Aiko semblait sceptique, mais l’explication de Mutsuko ne semblait pas encore terminée.

« Il existe en fait des techniques romantiques basées sur cette tendance humaine, » déclara Mutsuko. « Voulez-vous les entendre ? »

« Je n’adhère pas à ta théorie, mais je mentirais si je disais que je n’étais pas curieuse, » dit Aiko intensément.

Kanako feignait aussi un manque de curiosité en se penchant un peu en avant.

« Eh bien, l’un d’eux est de les amener à te donner des cadeaux et à t’aider à t’en sortir, » déclara Mutsuko.

« La stratégie actuelle ? » Aiko inclina la tête dans la confusion à la mention de cette stratégie, qui ne semblait pas du tout nouvelle.

« Non, non, non ! » déclara Mutsuko. « Tu ne donnes pas de cadeaux, tu les reçois. Tu ne les aides pas, tu leur demandes de t’aider. C’est comme ça que ça marche. Leur esprit commencera à penser : “Pourquoi est-ce que je l’aide ? Je ne l’aiderais pas si je la détestais, alors je dois l’aimer.” Inconsciemment, bien sûr. »

« Bien sûr, je parie que ça ne marcherait pas s’il te détestait vraiment, » dit Yuichi. « Cela ne concerne sûrement que quelqu’un qui t’aime au moins un petit peu. »

Aiko semblait maintenant accepter l’argument, faisant comme si le voile était tombée de ses yeux.

Les trois filles s’étaient alors épanouies pour parler d’amour, demandant à Mutsuko quelles autres techniques il y avait. Yuichi, ayant l’impression d’être laissé pour compte, se retourna pour regarder par la fenêtre.

Il entendit un faible bruit.

C’était le genre de son que vous ne remarqueriez pas normalement, et que vous pourriez ignorer. Mais Yuichi avait senti que quelque chose semblait étrange. L’instinct lui avait dit qu’il ne pouvait pas faire disparaître ça.

« Noro ! » Combien de fois cela s’est-il déjà produit ? Yuichi attrapa Aiko, qui était assise à côté de lui, et la prit dans ses bras.

Une seconde plus tard, la fenêtre s’était brisée.

Au milieu des éclats de verre dispersés, Yuichi aperçut le fond d’une chaussure.
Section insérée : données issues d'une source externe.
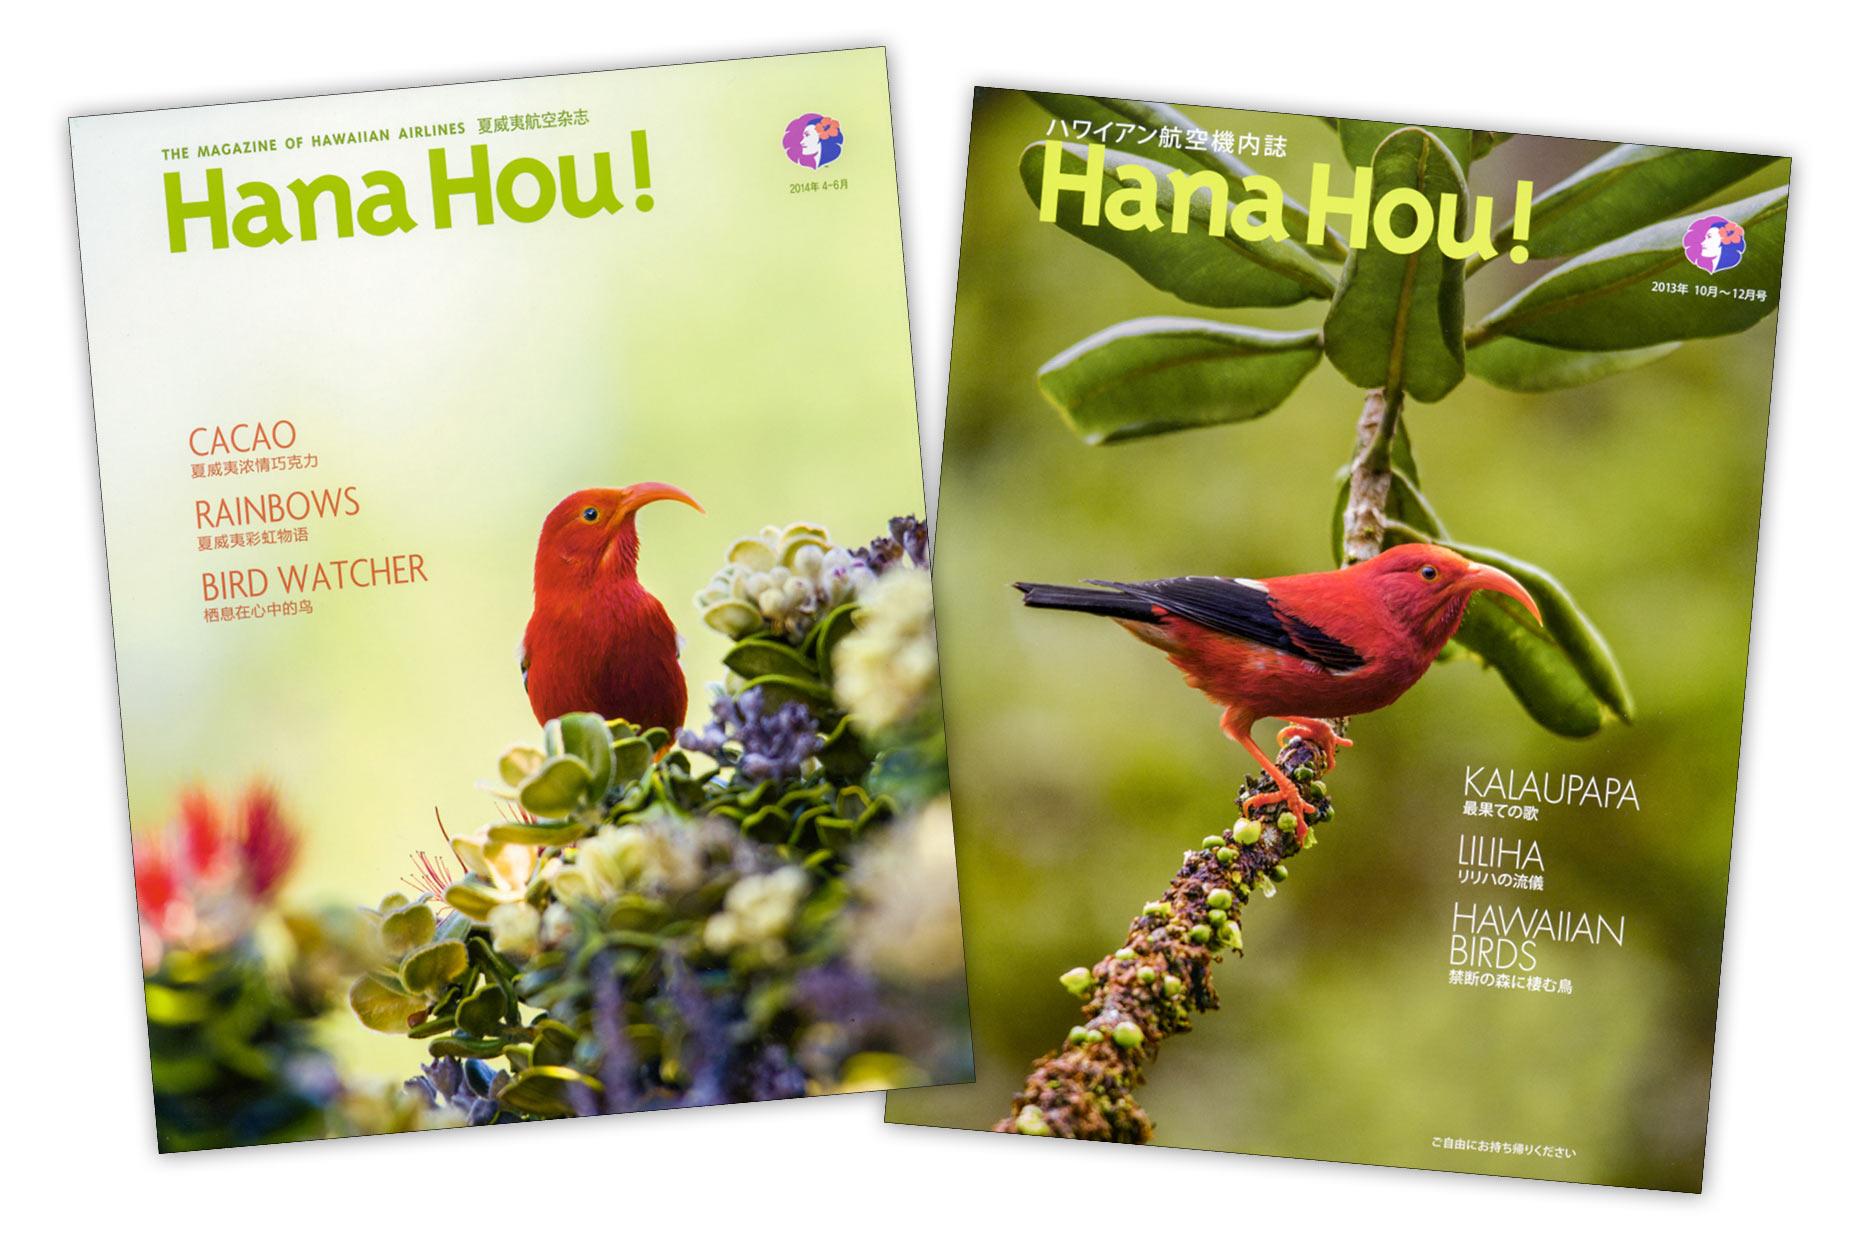 Hana Hou! Magazine (Iiwi)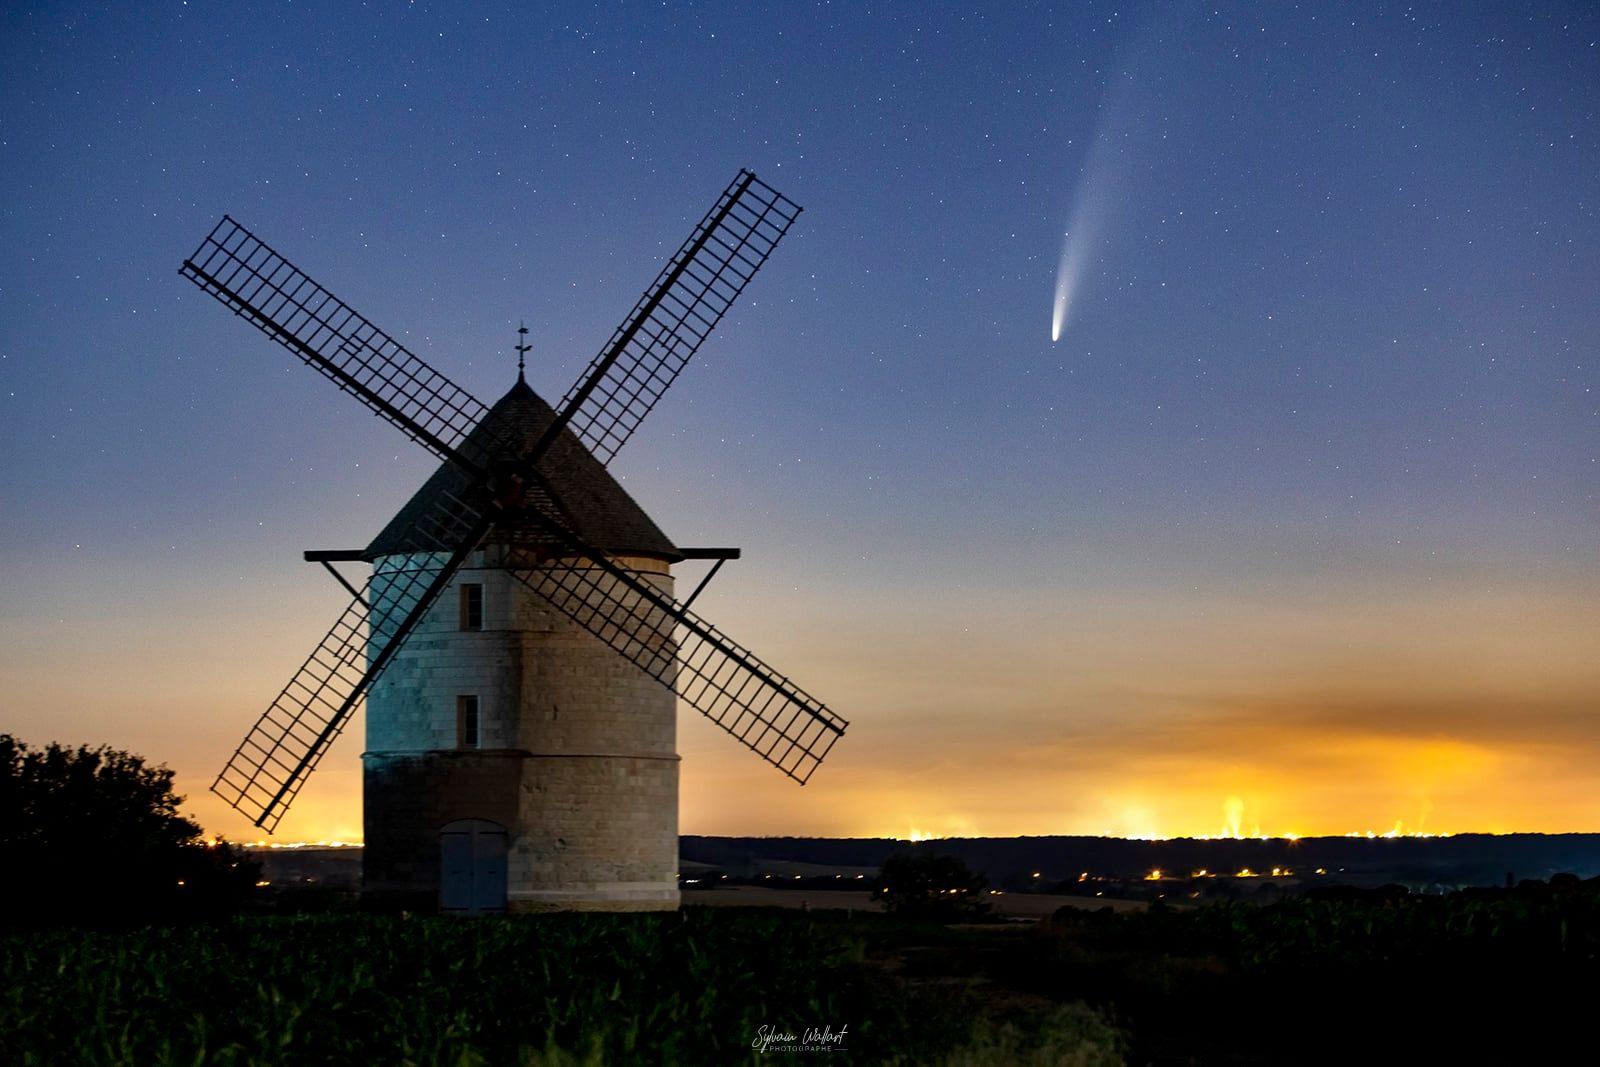 Neowise et le moulin de Nortbécourt 107745749_3361128247272898_5086251819948183491_o

Quelqu’un était entré par la fenêtre.

Après avoir déterminé que les éclats de verre ne toucheraient personne d’autre dans le club, Yuichi avait sauté en arrière.

Il pleuvait des éclats de verre sur le bureau alors qu’une personne atterrissait également sur le bureau.

Yuichi leva les yeux vers cette personne, tenant toujours Aiko dans ses bras. C’était une fille qui portait l’étiquette « Héritière » au-dessus de sa tête.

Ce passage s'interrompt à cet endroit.